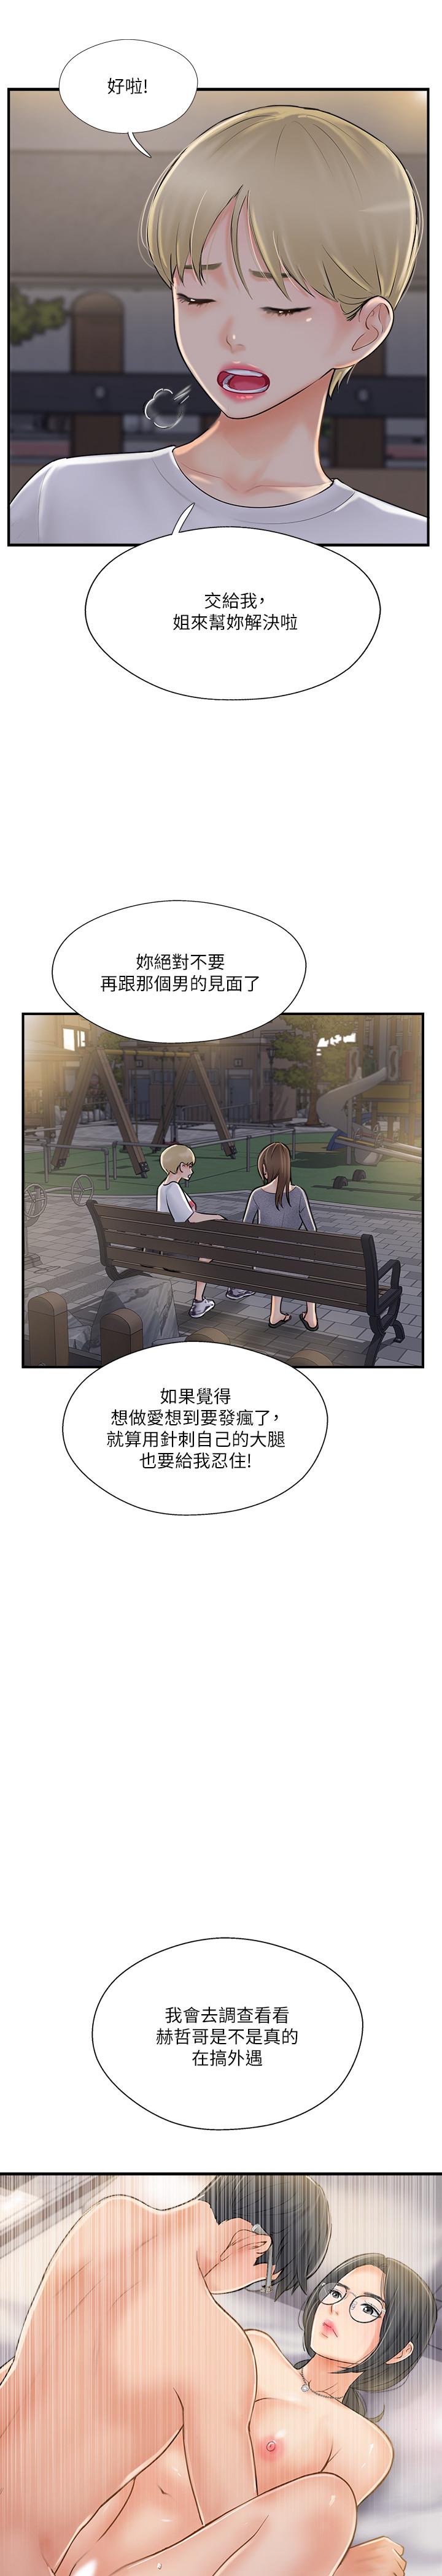 韩国污漫画 完美新伴侶 第20话-通往刺激新世界的测验 34
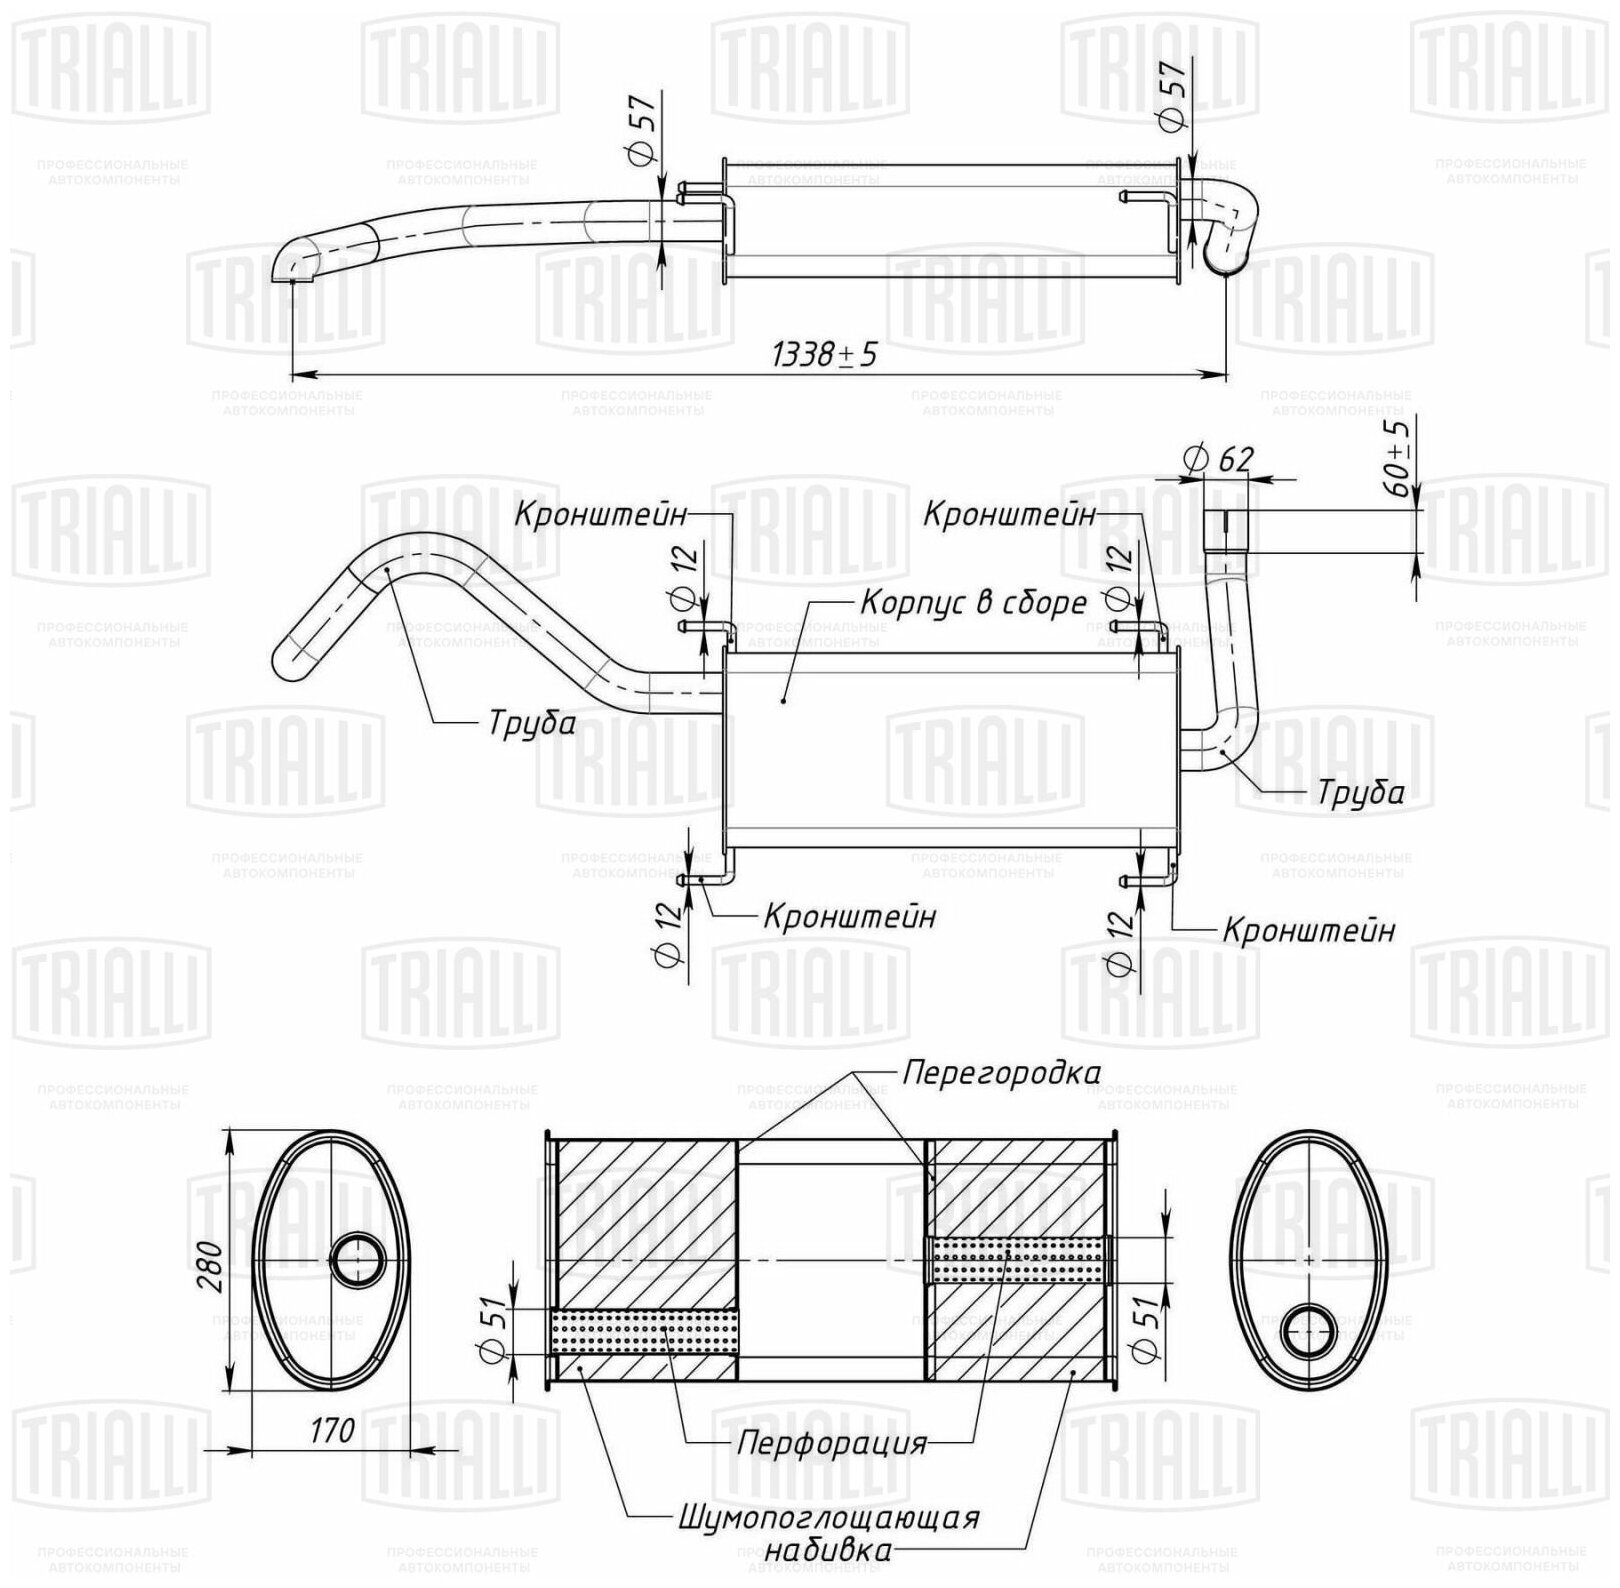 Глушитель для автомобилей Peugeot Boxer (06-)/Citroen Jumper (06-) 2.2d основной (алюм. сталь) (EMM 2613) TRIALLI
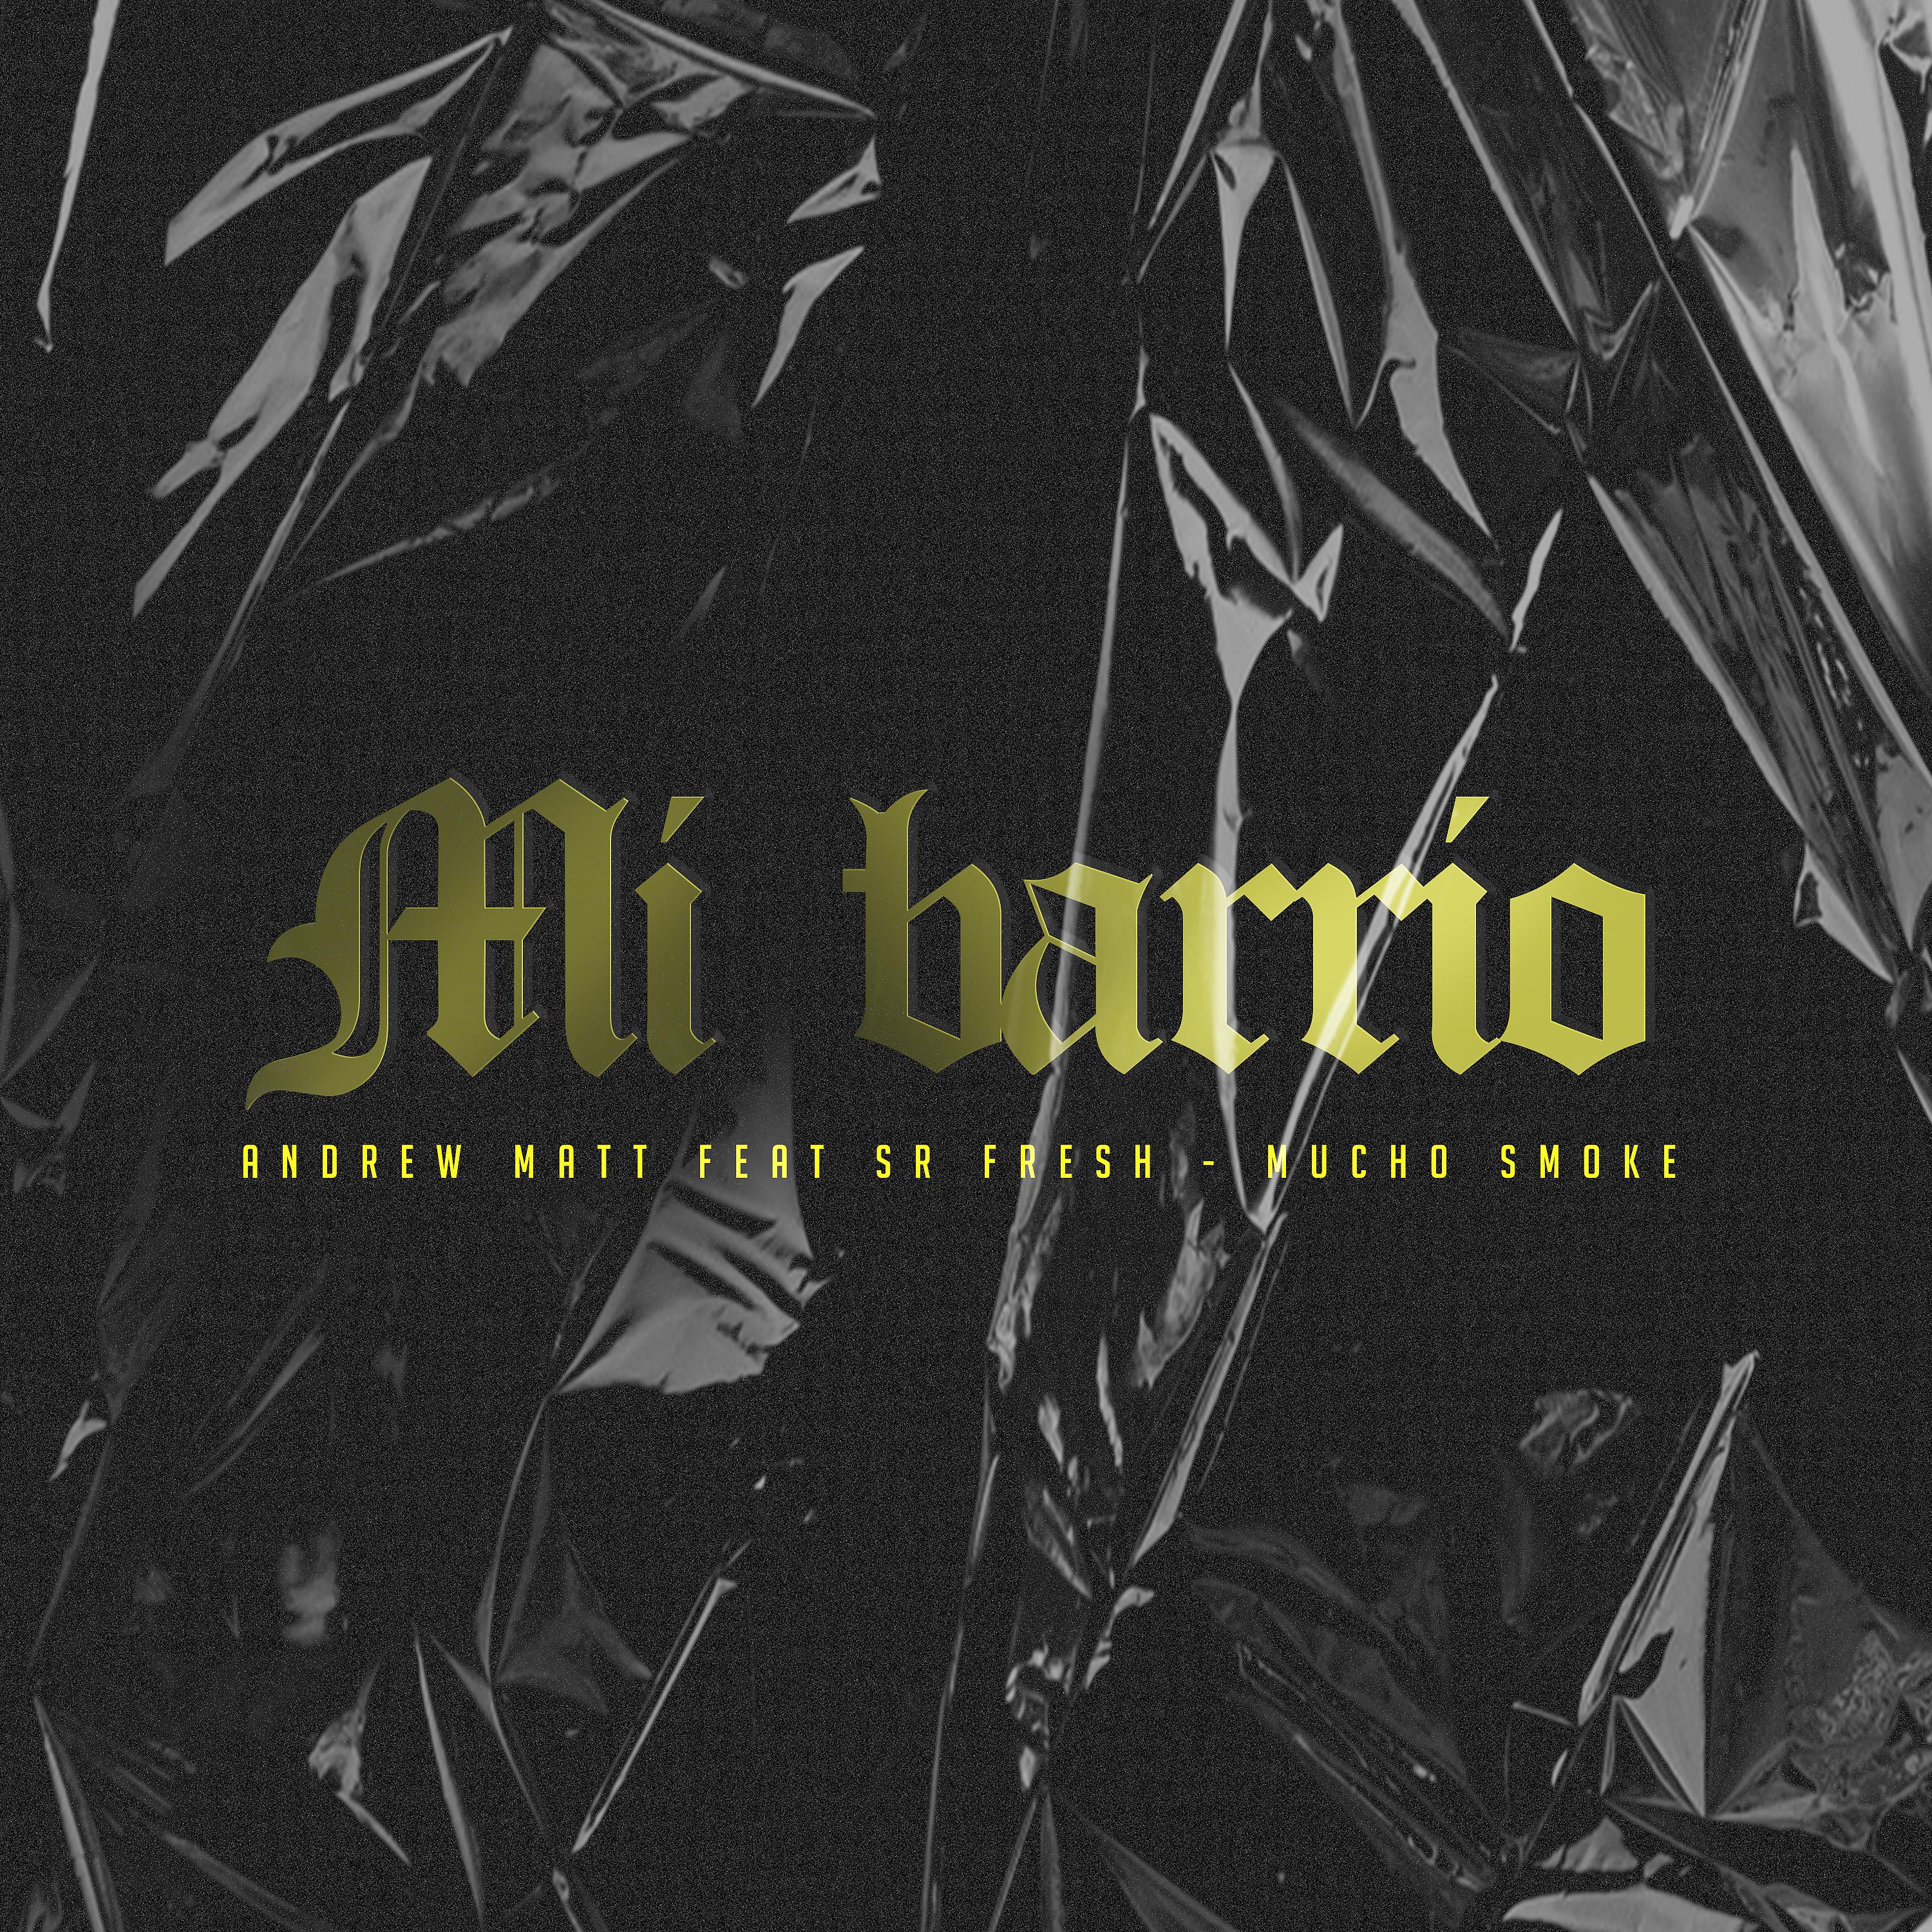 Постер альбома Mi Barrio

• • • • •

* **What to work on**
Print the listing word for word, but omit the pictures.

* **Result**
 韩国污漫画 完美新伴侶 第20话-通往刺激新世界的测验 34
 Глушитель для автомобилей Peugeot Boxer (06-)/Citroen Jumper (06-) 2.2d основной (алюм. сталь) (EMM 2613) TRIALLI
 Постер альбома Mi Barrio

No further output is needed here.